No pictures go into the copy. Write out exactly the lines below from the one containing "頭男やもめ動的[オフィ/O HUI]韓国化粧品LG生活健康/O HUI" through the one containing "SAH, Øystre Slidre".

::: MATERIAL PROVIDED

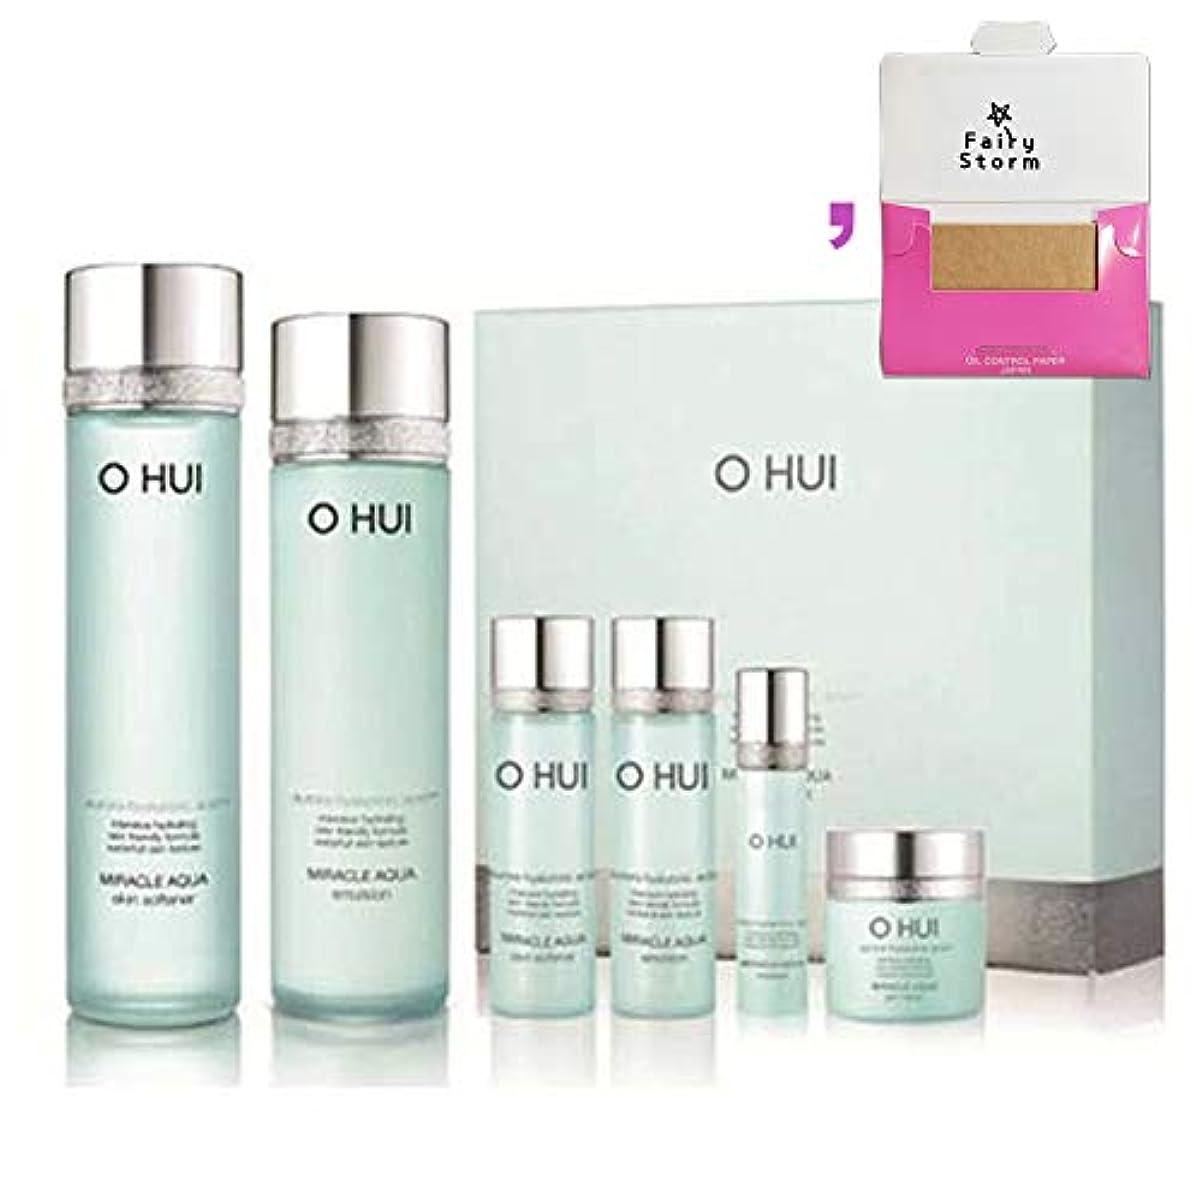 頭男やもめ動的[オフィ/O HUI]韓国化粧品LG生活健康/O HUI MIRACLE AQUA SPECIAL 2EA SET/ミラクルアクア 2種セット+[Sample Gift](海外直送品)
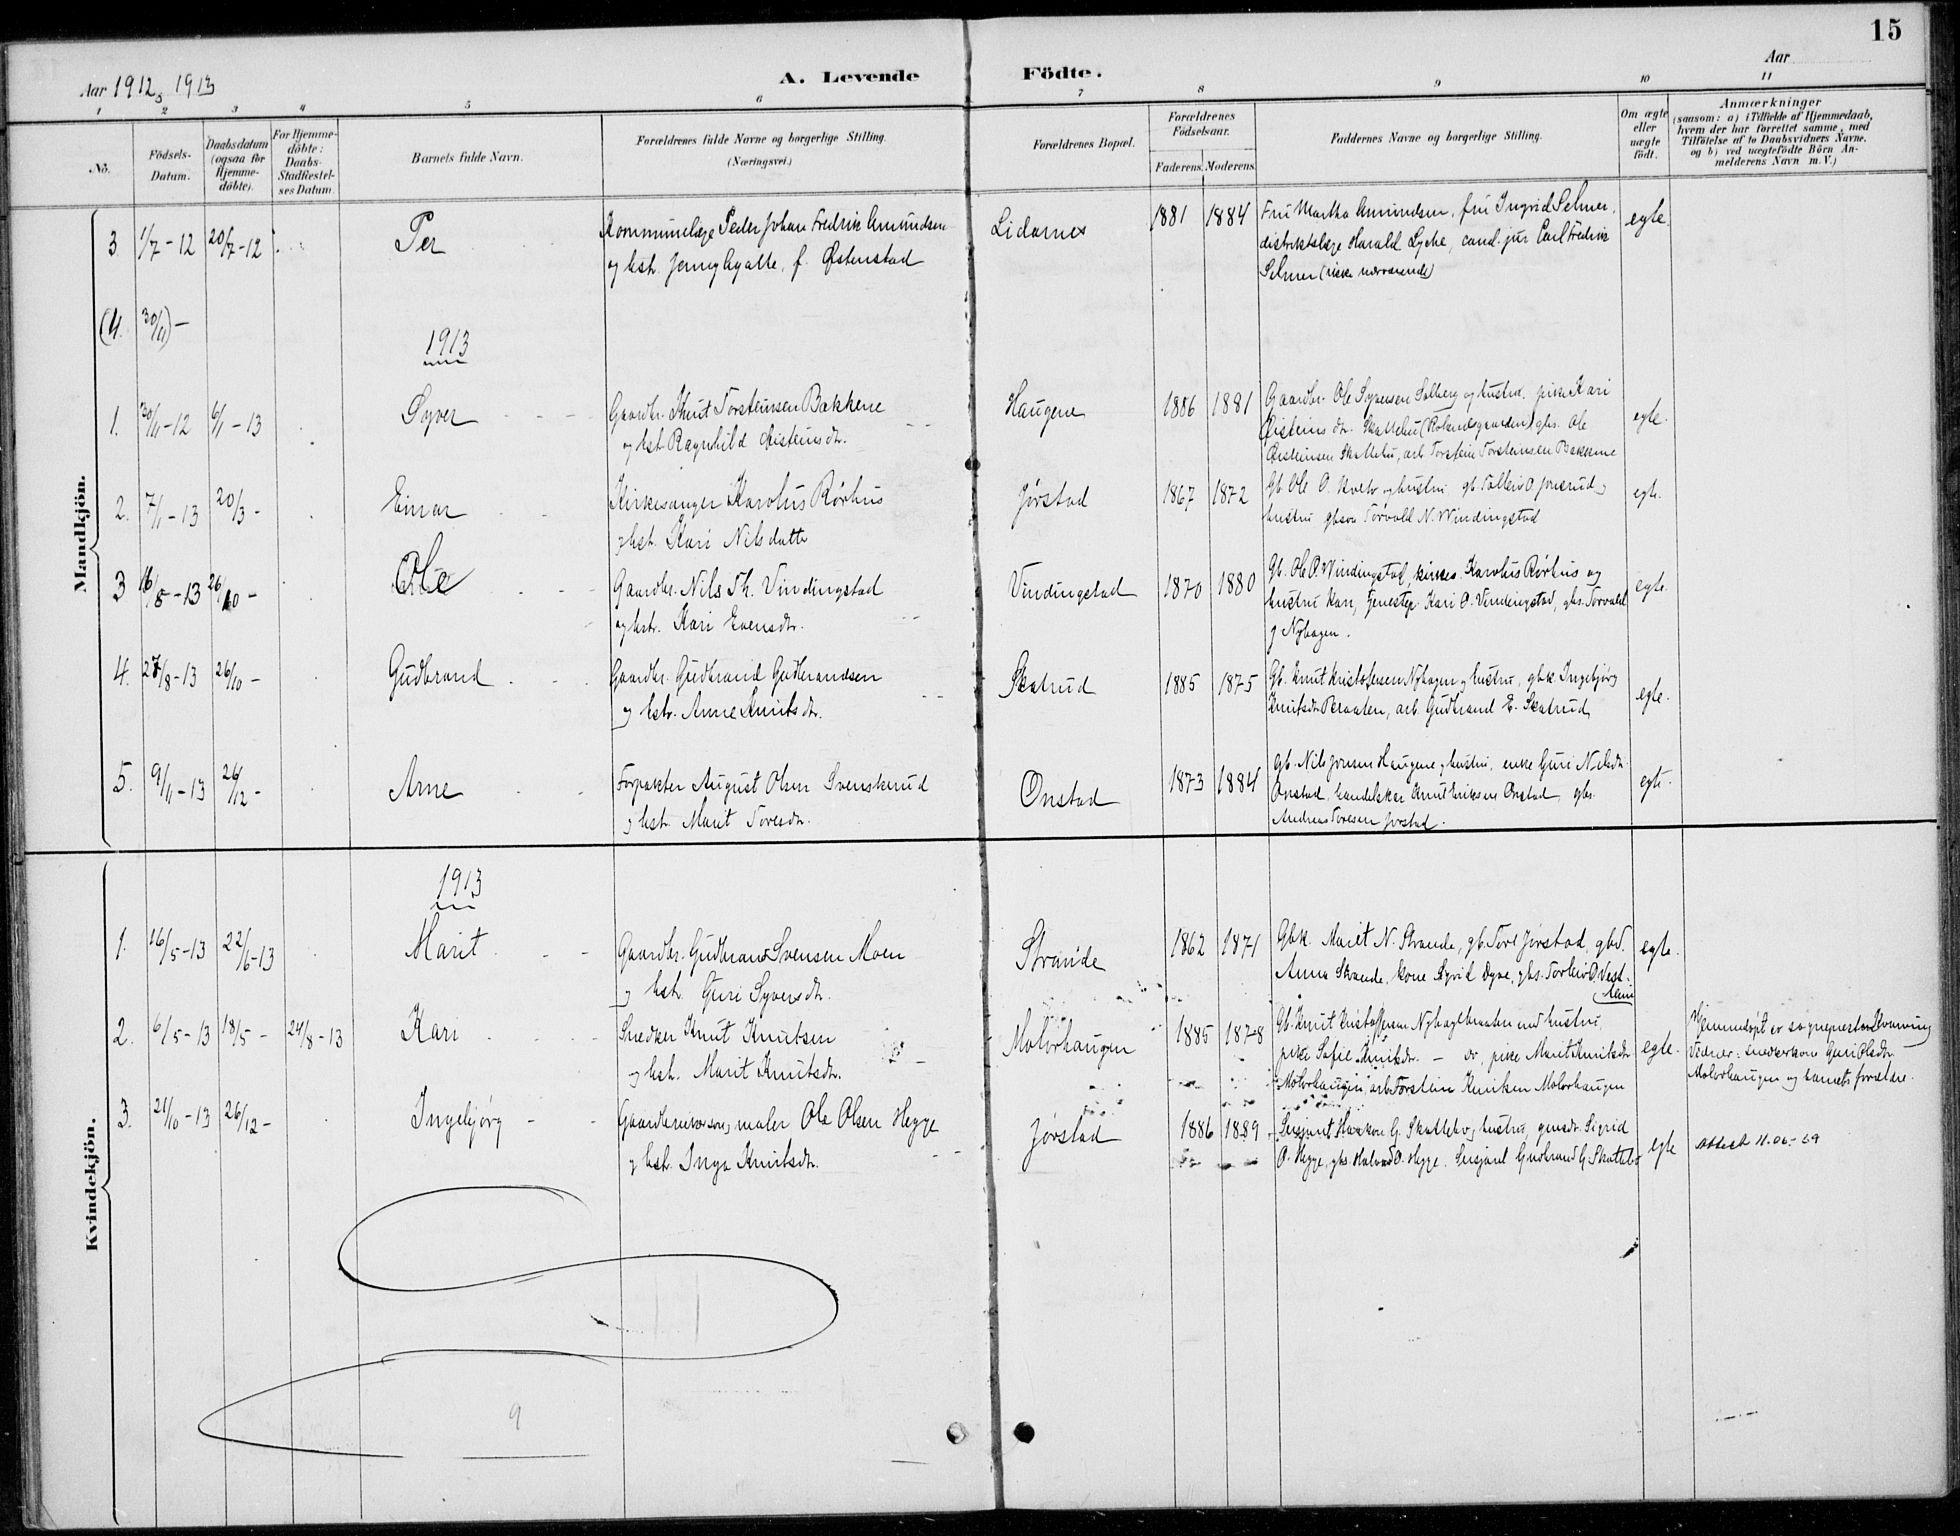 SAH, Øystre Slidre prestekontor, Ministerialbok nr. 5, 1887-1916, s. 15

::::::
::: MATERIAL PROVIDED

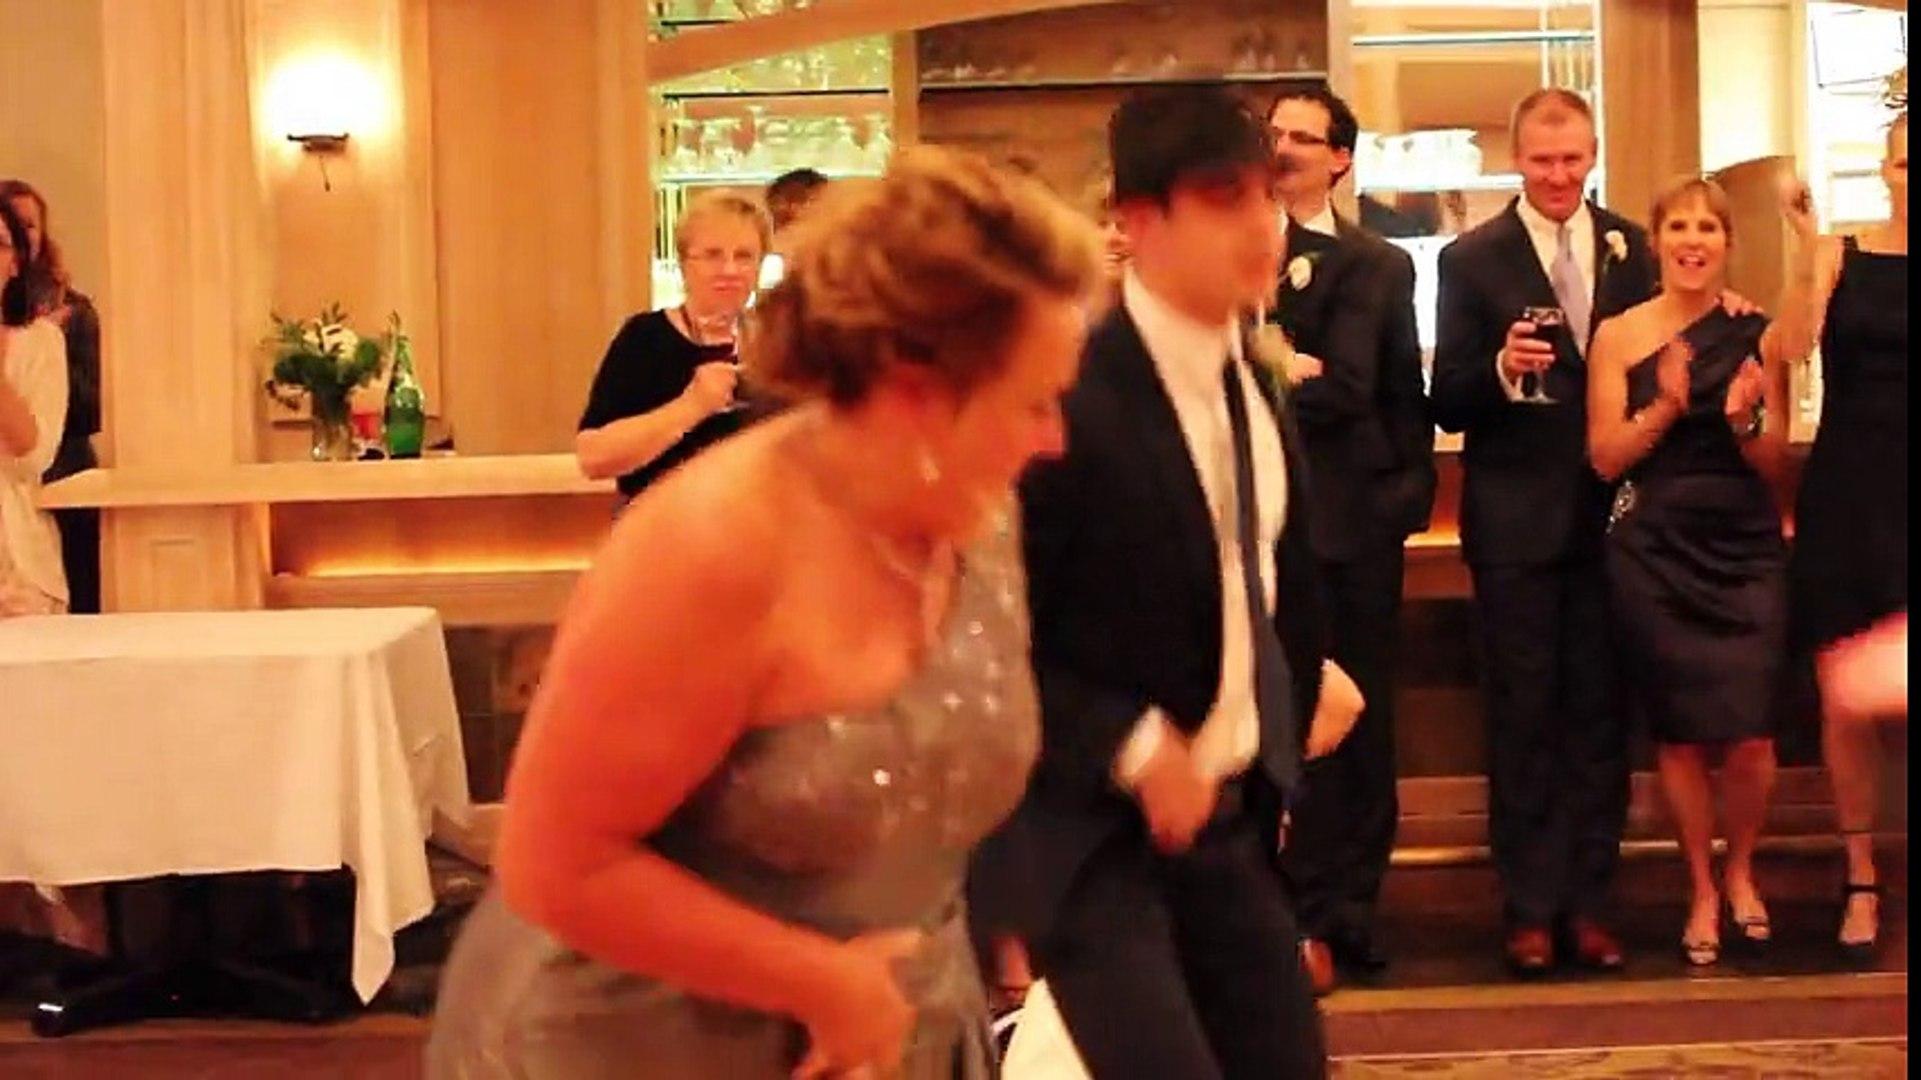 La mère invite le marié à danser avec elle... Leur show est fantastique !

::::::

RESULT FOR THIS TASK:
 頭男やもめ動的[オフィ/O HUI]韓国化粧品LG生活健康/O HUI MIRACLE AQUA SPECIAL 2EA SET/ミラクルアクア 2種セット+[Sample Gift](海外直送品)
 SAH, Øystre Slidre prestekontor, Ministerialbok nr. 5, 1887-1916, s. 15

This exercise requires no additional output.